Exploiting Term Sparsity in Moment-SOS hierarchy for Dynamical Systems

TL;DR

This paper extends the term sparsity sum-of-squares (TSSOS) algorithm to dynamical systems, enabling more efficient computation for stability and attractor analysis while maintaining theoretical guarantees.

Contribution

It introduces a dynamical system version of TSSOS that exploits algebraic structure for scalable SOS-based analysis of dynamical systems.

Findings

Significant computational savings demonstrated.

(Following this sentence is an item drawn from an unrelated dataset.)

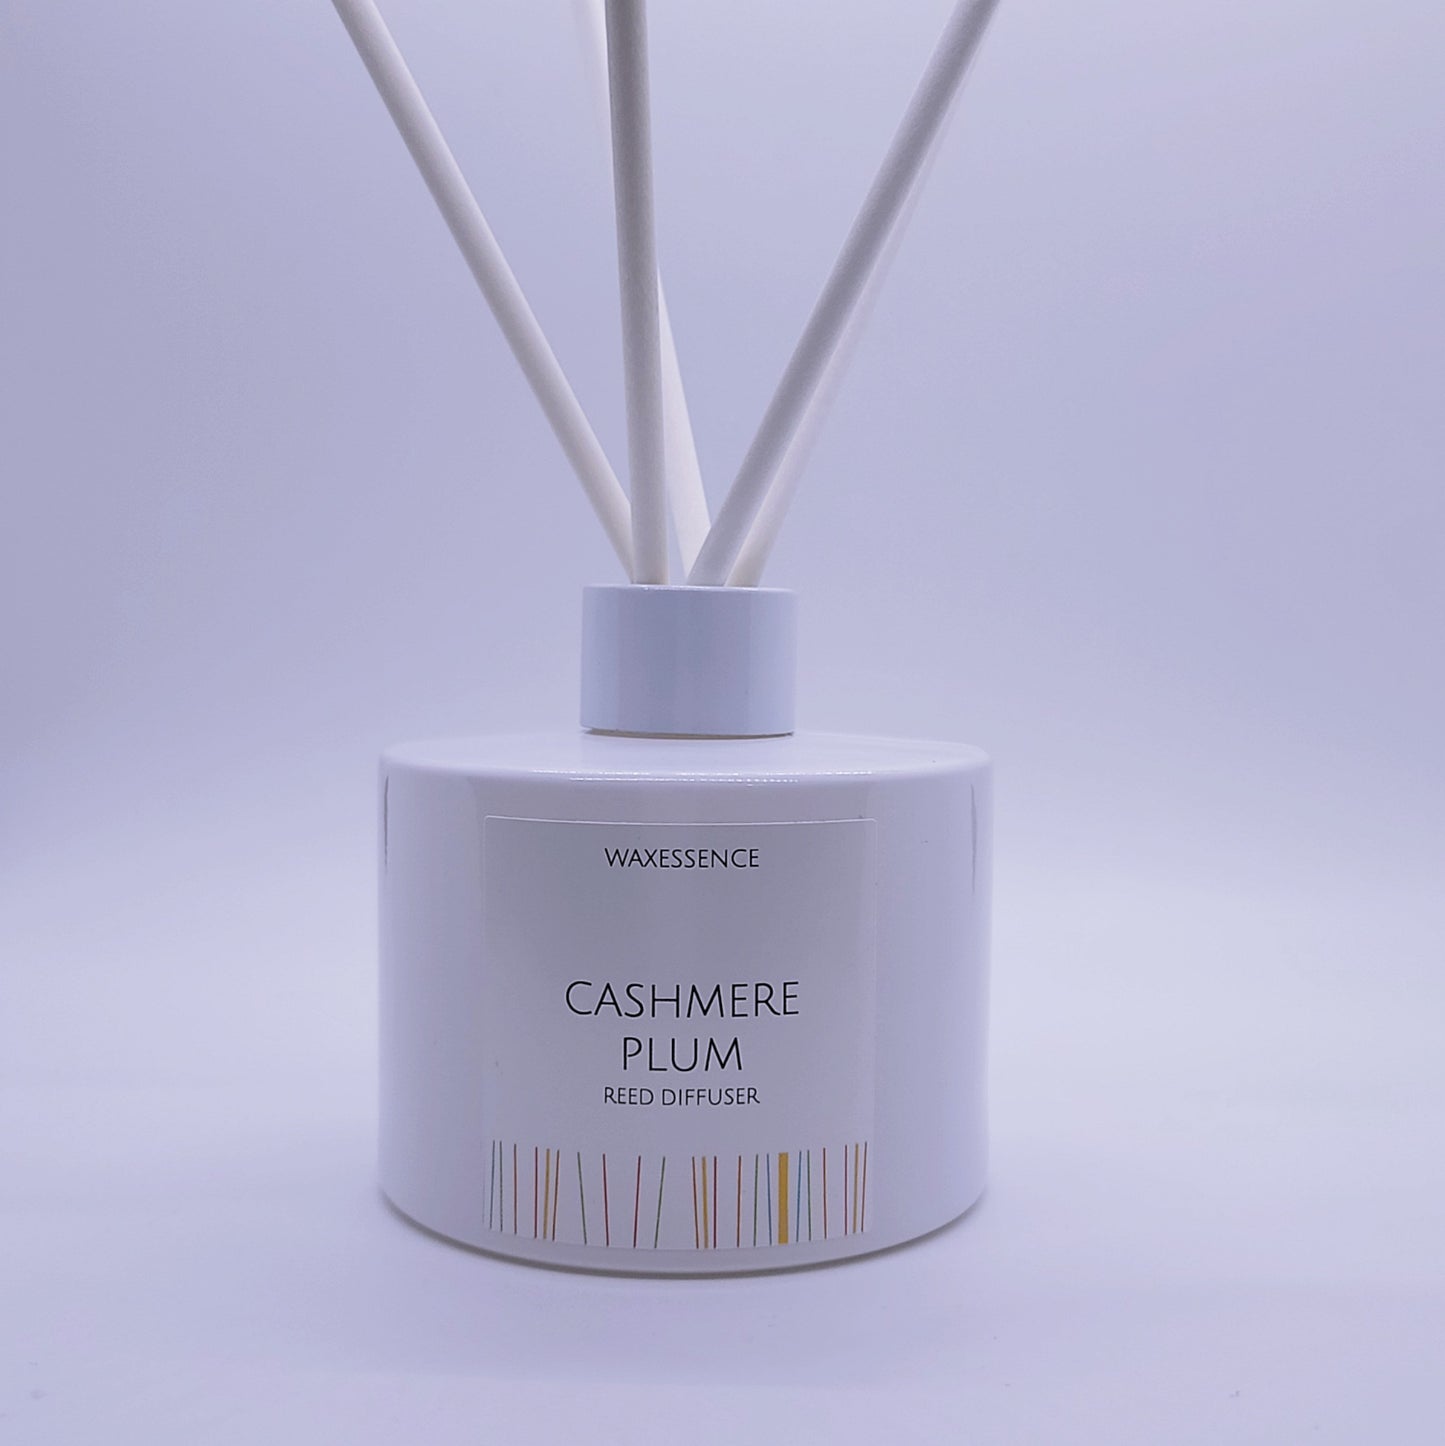 Cashmere Plum Reed Diffuser | Essenza Gloss White  | Aromatherapy Home Decor | Diffuser Oil | 6.8 fl. oz

Preserves convergence guarantees.

Effective in analyzing regions of attraction and invariant sets.

Abstract

In this paper, we develop a dynamical system counterpart to the term sparsity sum-of-squares (TSSOS) algorithm proposed for static polynomial optimization. This allows for computational savings and improved scalability while preserving convergence guarantees when sum-of-squares methods are applied to problems from dynamical systems, including the problems of approximating region of attraction, the maximum positively invariant set, and the global attractor. At its core, the method exploits the algebraic structure of the data, thereby complementing existing methods that exploit causality relations among the states of the dynamical system. The procedure encompasses sign symmetries of the dynamical system as was already revealed for polynomial optimization. Numerical examples demonstrate the efficiency of the approach in the presence of this type of sparsity.